# [Exercise requirements]
Please quote exactly the lines below from the line containing "Bose SOUNDDOCKTM Introducing" to the line containing "A Brief Breakdance.", both lines included, and nothing else.

# [Records for the exercise]
────────

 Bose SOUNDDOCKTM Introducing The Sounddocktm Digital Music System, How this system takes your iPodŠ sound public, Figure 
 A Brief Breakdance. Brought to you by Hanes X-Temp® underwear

────────

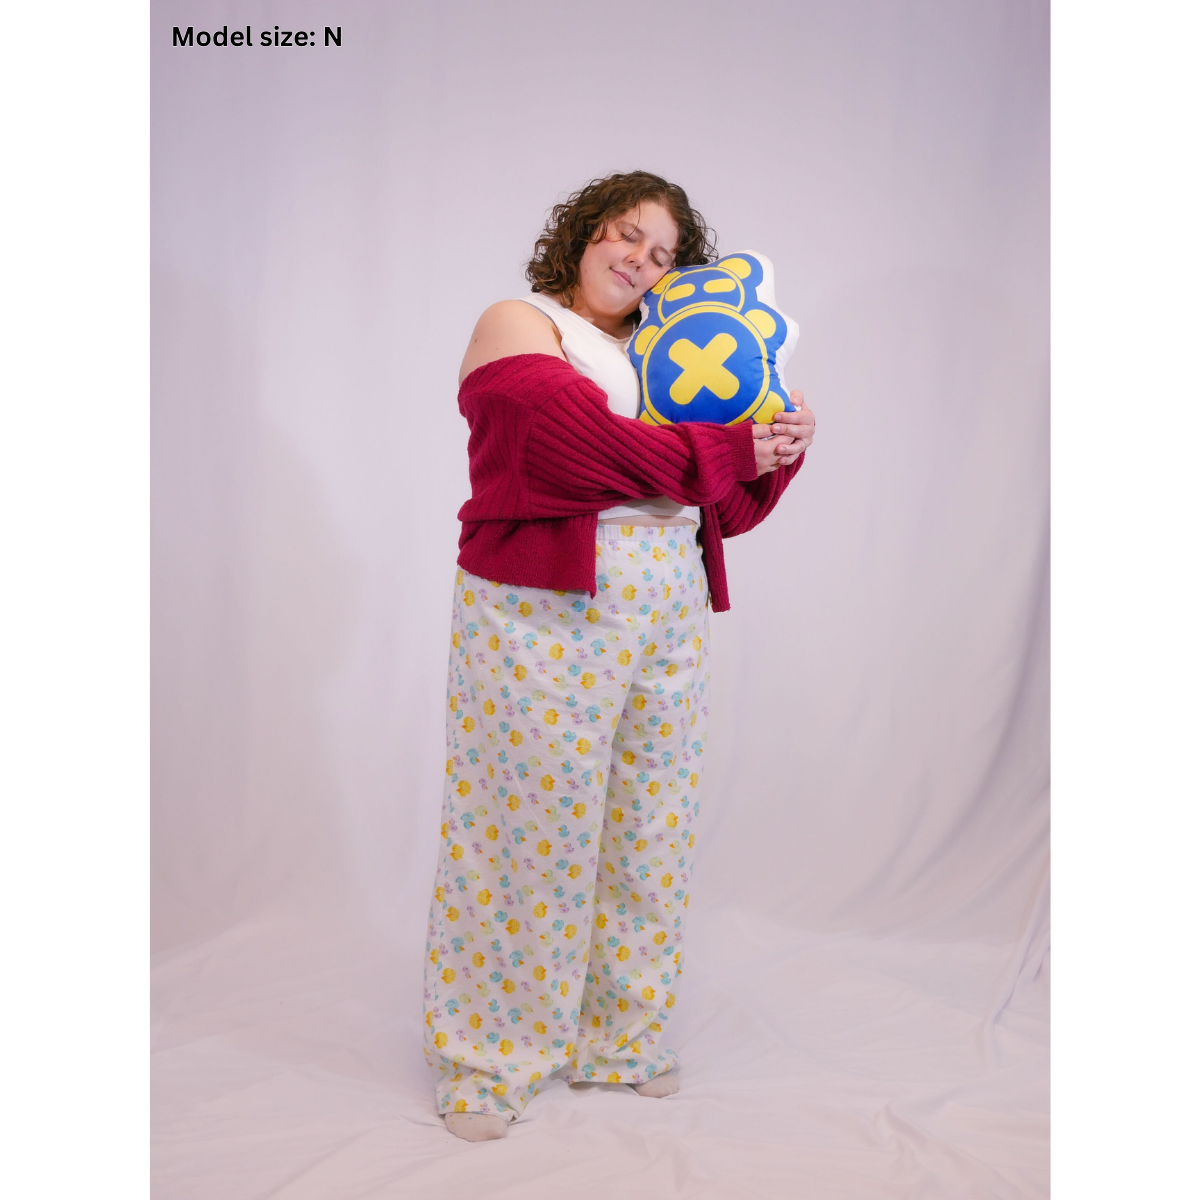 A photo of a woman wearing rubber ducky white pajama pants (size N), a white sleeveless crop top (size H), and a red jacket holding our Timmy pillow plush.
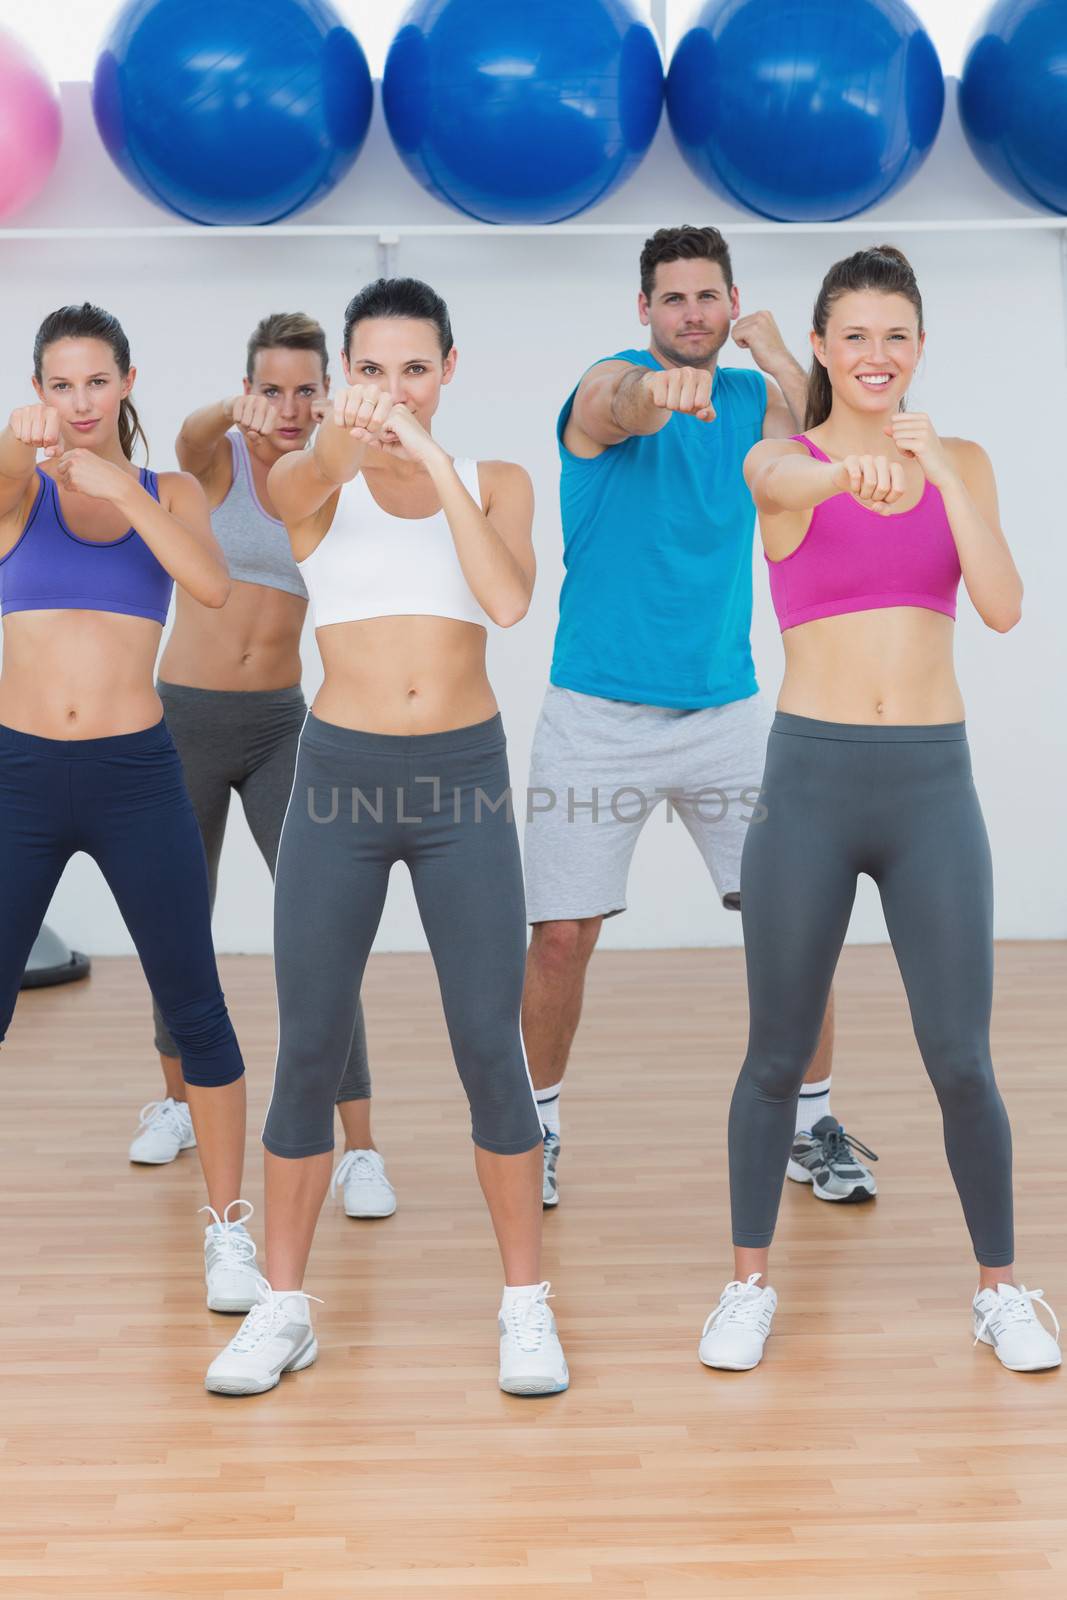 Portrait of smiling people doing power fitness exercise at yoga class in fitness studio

────────

# [Answer space]
 Bose SOUNDDOCKTM Introducing The Sounddocktm Digital Music System, How this system takes your iPodŠ sound public, Figure 
 A Brief Breakdance. Brought to you by Hanes X-Temp® underwear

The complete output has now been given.